We introduce two multilingual, multimodal basis language fashions that energy Apple Intelligence options throughout Apple gadgets and companies: (i) a ∼3B-parameter on-device mannequin optimized for Apple silicon by means of architectural improvements similar to KV-cache sharing and 2-bit quantization-aware coaching; and (ii) a scalable server mannequin constructed on a novel Parallel-Observe Combination-of-Specialists (PT-MoE) transformer that mixes observe parallelism, mixture-of-experts sparse computation, and interleaved world–native consideration to ship prime quality with aggressive price on Apple’s Personal Cloud Compute platform. Each fashions are educated on large-scale multilingual and multimodal datasets sourced by way of accountable net crawling, licensed corpora, and high-quality artificial knowledge, then additional refined with supervised fine-tuning and reinforcement studying on a brand new asynchronous platform. The ensuing fashions assist a number of extra languages whereas understanding photographs and executing device calls. In public benchmarks and human evaluations, each the server mannequin and the on-device mannequin match or surpass comparably sized open baselines.

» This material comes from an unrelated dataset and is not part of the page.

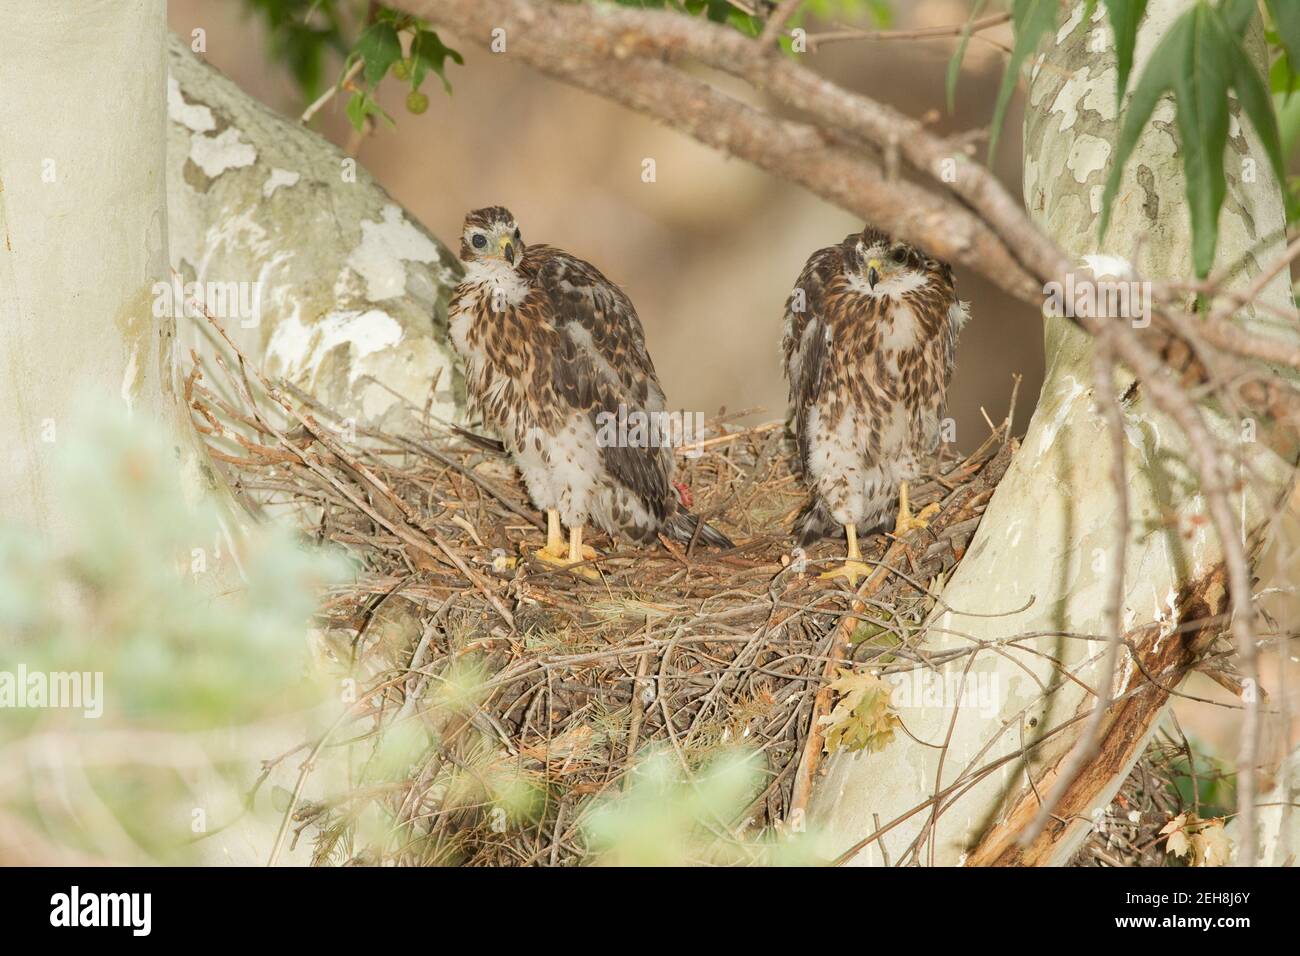 Nördliche Goshawk Nestlinge, Accipiter gentilis, fressen Vogel beim Nest in Platanen Baum. Stockfoto
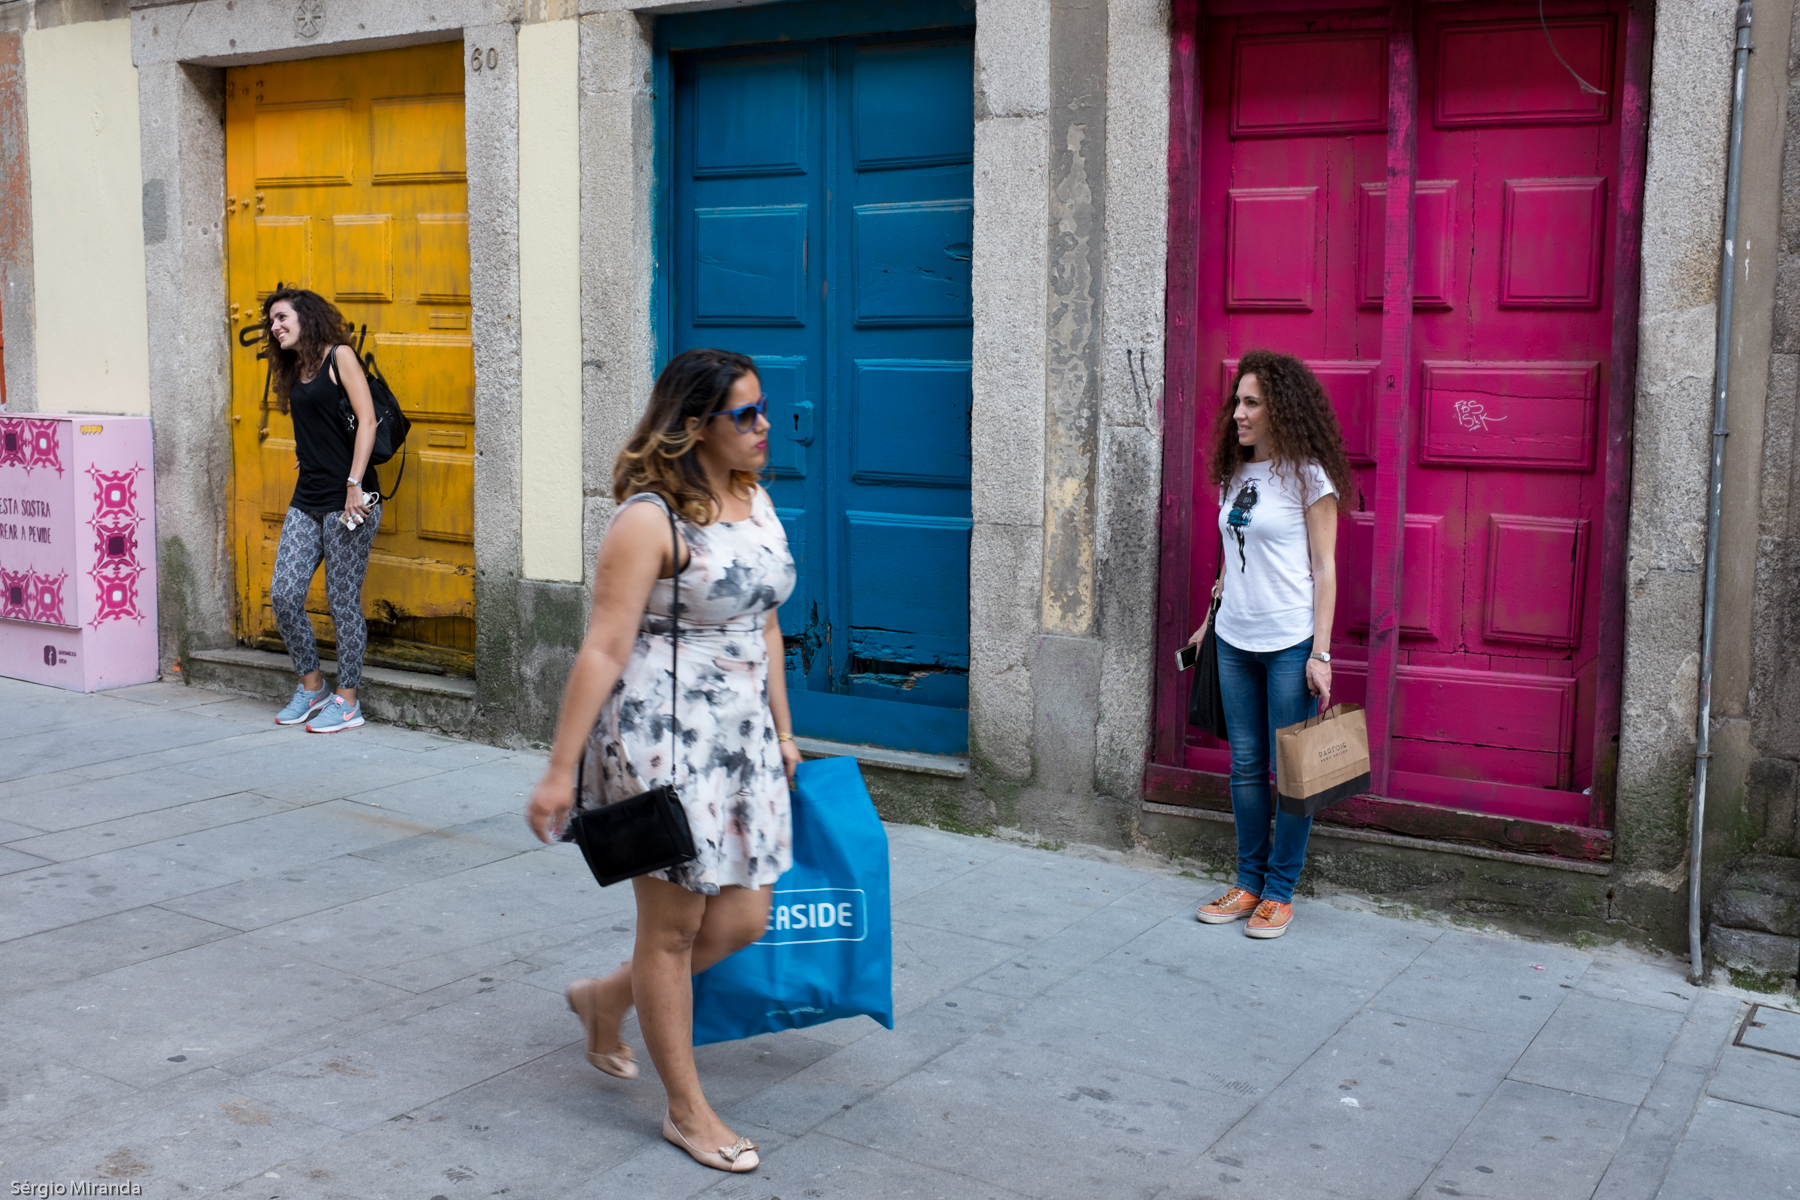 À semelhança da Rua das Flores, as caixas de eletricidade de outras ruas do Porto vão ser alvo de intervenção artística.

A brand new Swift-centric Basis Fashions framework exposes guided era, constrained device calling, and LoRA adapter fine-tuning, permitting builders to combine these capabilities with a couple of traces of code. The most recent developments in Apple Intelligence fashions are grounded in our Accountable AI strategy with safeguards like content material filtering and locale-specific analysis, in addition to our dedication to defending our customers’ privateness with improvements like Personal Cloud Compute.
This paper supplies technical particulars for Updates to Apple’s On-Machine and Server Basis Language Fashions, launched on June 9, 2025, on this publish.